Майор-немец, сидя на танке, крутит головой, старается увернуться от обжигающего ветра, следит за русскими, какое впечатление на них производит дорога бегства. Фельдфебель натянул шинель на голову, кажется, нашел удобное положение. Его ничто не интересует: он видел и пережил не такое. Когда выходили с КП полка, фельдфебель успел выпросить кусок хлеба и теперь так давился и сопел, что его начальник глотал голодную слюну и морщился, как от зубной боли.

В низеньком помещении с огромной печью и вмазанными в нее котлами собрались уже и ждали почти все офицеры полка. Когда вошли комиссар Бурцев и ездившие к русским немцы, немолодой полковник за столом качнулся, порываясь встать, но остался сидеть на месте. Он выслушал худого майора, кивнул ему головой и по-русски, почти без акцента, сказал Бурцеву:

— Я вас слушаю.

Офицеры притихли, вытянулись. Бурцев слово в слово повторил сказанное на КП полка. От себя добавил:

— Лучше, если все будет сделано до рассвета. Для вас лучше. Могут быть ненужные жертвы.

— Gut, — бесцветно ответил немец, повернулся к офицерам, резко, гортанно сказал что-то и положил свой пистолет на стол.

Офицеры стали подходить и складывать у него на столе свое личное оружие.
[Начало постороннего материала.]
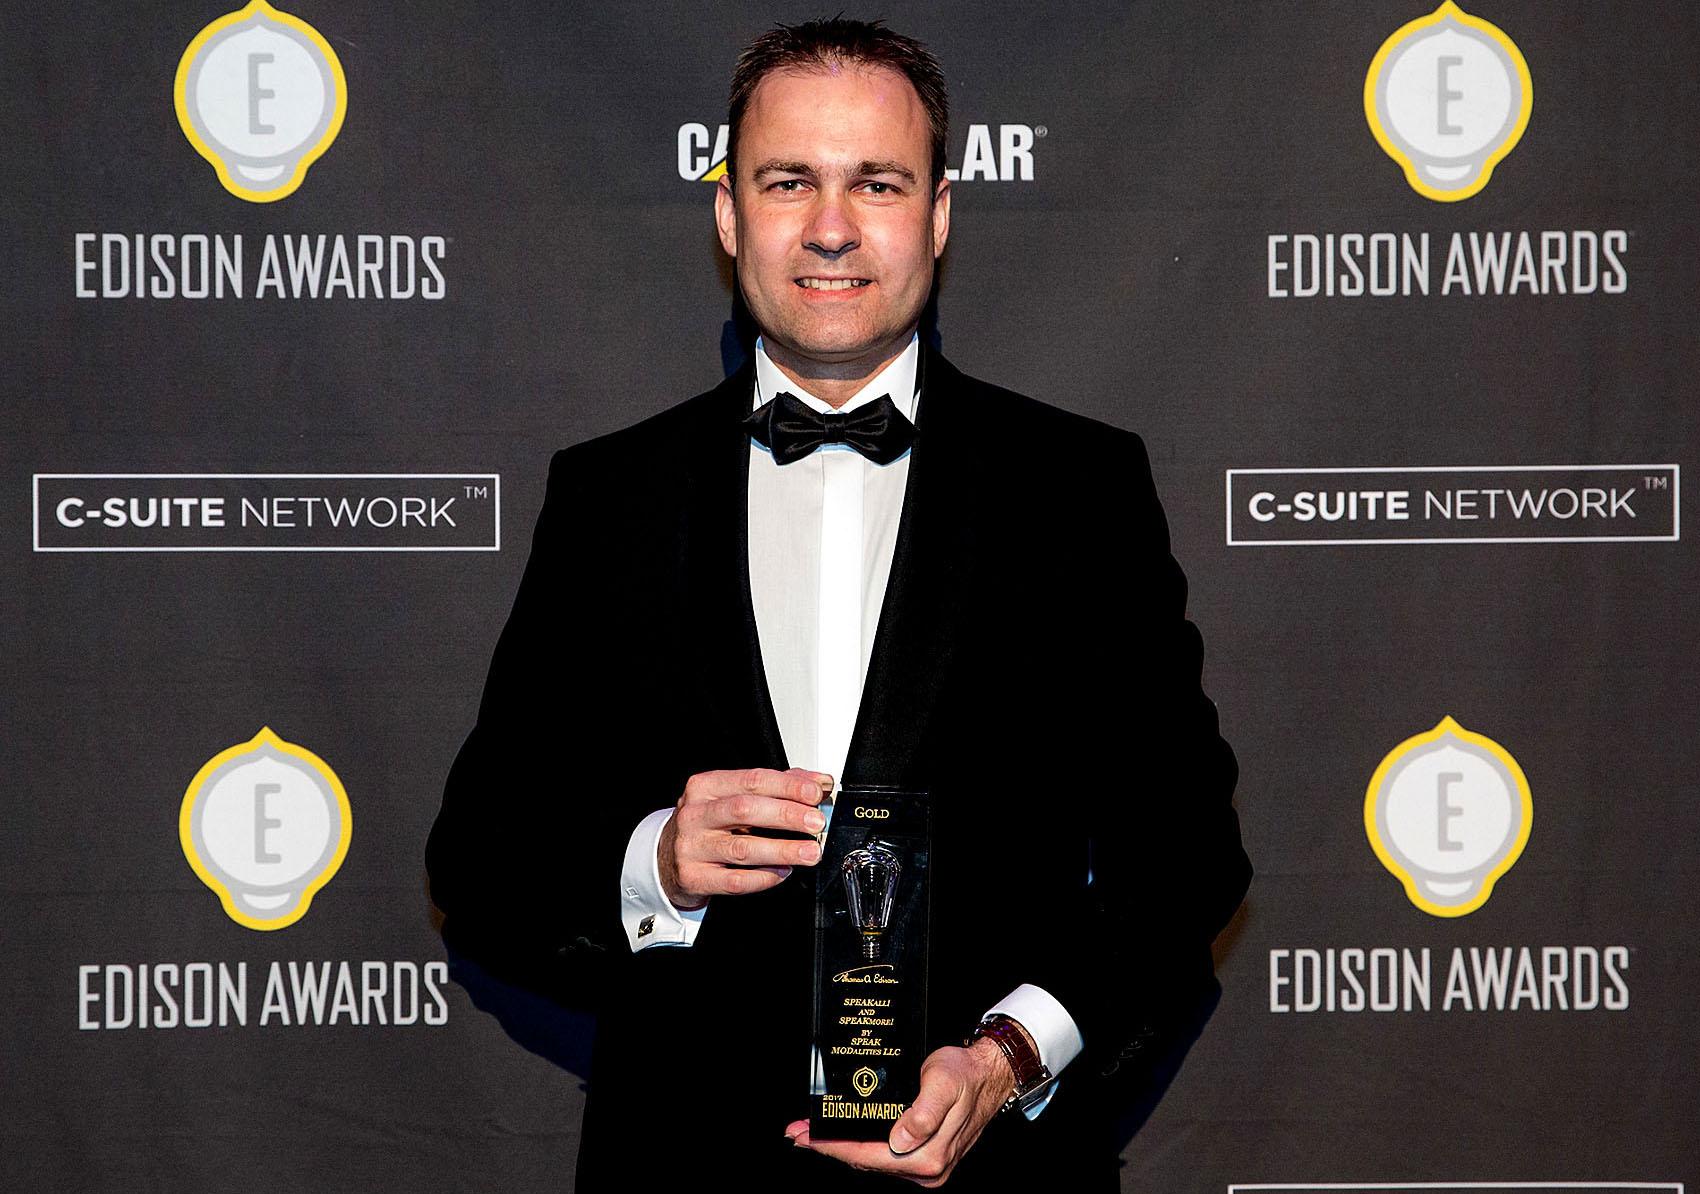 Dr. Oliver Wendt receives the 2017 Edison Gold Award

У танка на снегу уже лежала куча автоматов, винтовок, пулеметов. Немцы строились в колонны, качающейся лентой вытягивались на дорогу, где стояли машины и лежали кучами замерзшие.

— Я радировал в штаб. Оттуда выслали провожатых, — ответил на удивленный взгляд Бурцева командир танка. — Солдаты сговорчивее начальства оказались. Инициативными стали…

За полдень полк Казанцева пленил 976 солдат и офицеров.

Вечером Казанцев с Плотниковым пришли на КП Карпенко. В блиндаже было тепло, уютно. Стены и потолок подшиты фанерой. В углу стол. На столе свеча, хлеб, котелок, в котором что-то шипело и шкворчало.

При входе комполка Карпенко быстро кинул что-то себе за спину, стал ощипываться, как утка, только что вылезшая из воды.

— Нужно отобрать у тебя блиндаж, — сказал Казанцев, хозяйски оглядываясь, постучал по стенам, потолку и с кряхтеньем присел на настоящий стул.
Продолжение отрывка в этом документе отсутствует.